"MySQL is small, it's lightweight, it's easy to install, it's easy to get going with it," he noted. "These are interesting properties. It reaches a customer segment that Oracle doesn't otherwise reach. It's made sense all along for us to invest in MySQL's ongoing development," he said. . . . "We've said we will make MySQL better We plan to continue this level of investment. A lot of people questioned what motivation Oracle had in acquiring MySQL (as part of Sun Microsystems)," said Screven, trying to lay apprehensions to rest.
And according to two reports from his keynote at the MySQL conference yesterday, Screven continued to give developers, customers, and philosophers no reason to doubt Oracle's commitment to the technology and the product.

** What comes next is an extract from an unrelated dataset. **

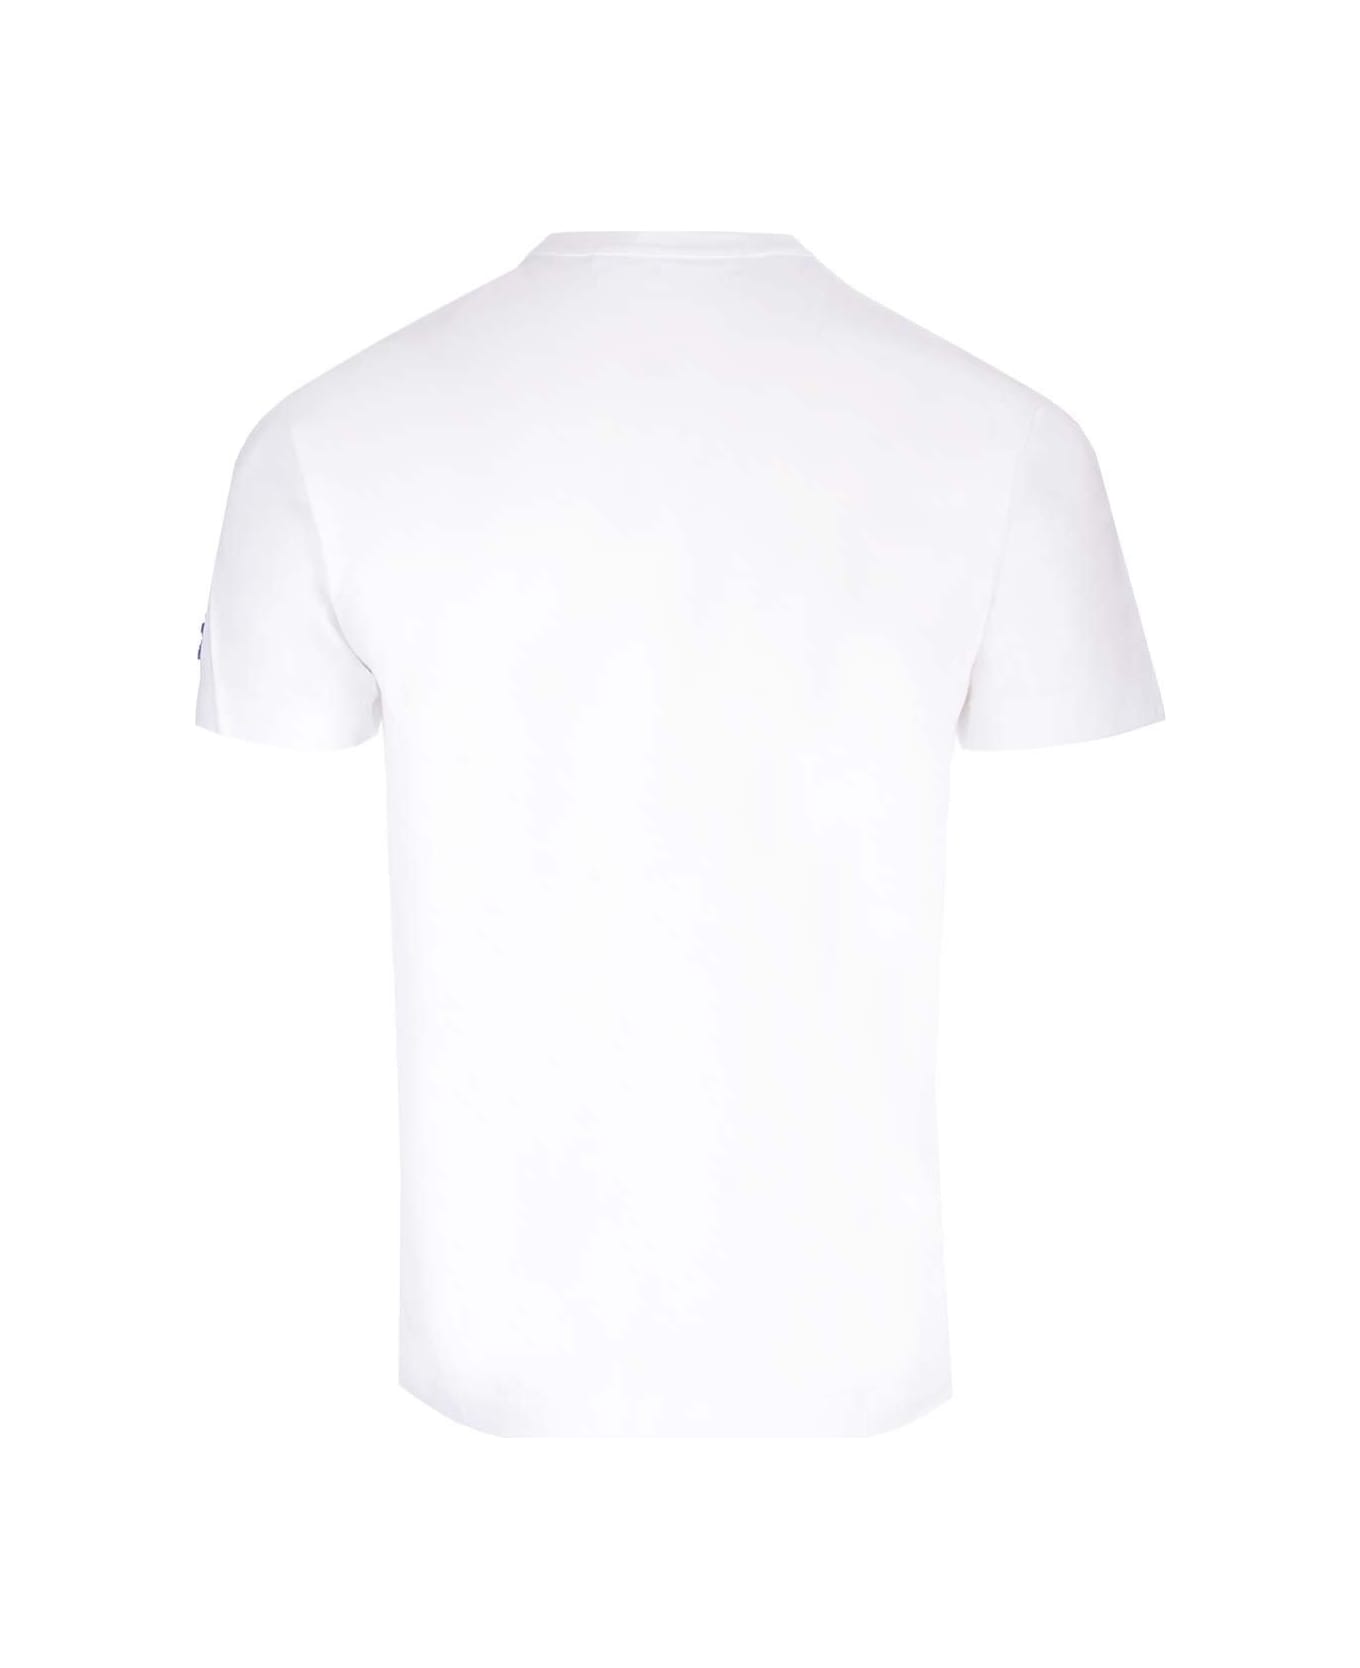 Comme des Garçons Play Logo Patch Crewneck T-shirt - Bianco シャツ

From a news story on Register.com: "He repeated the uber plan articulated by management during its January strategy day to invest in engineering projects to integrate the database with Oracle's infrastructure products - Oracle Enterprise Manager for management, Oracle Secure Backup for back up, and Oracle Vault for secure audit of records. This integration would make MySQL much more appealing to existing Oracle customers, Screven said."
And from a live-blogging stream at the event from Pythian.com: "Most of the components talk to each other through open standards, so that customers can use other products, and standardize on the technology, which makes it much more likely that customers will continue to use Oracle. Oracle invested heavily in open source even before the acquisition. Linux (Oracle Unbreakable Linux = Oracle Enterprise Linux = OEL). Clustering, data integrity, storage validation, asynchronous I/O, virtualiation technology that has been accepted back into the Linux kernel."
Again, none of this will quell the anger and mistrust among the hardcore MySQLites; I think they'll carry to their graves their full-bore if irrational animosity toward Oracle. But for CIOs who are interested in Oracle's intentions toward MySQL, the roadmap is about as clear as can be.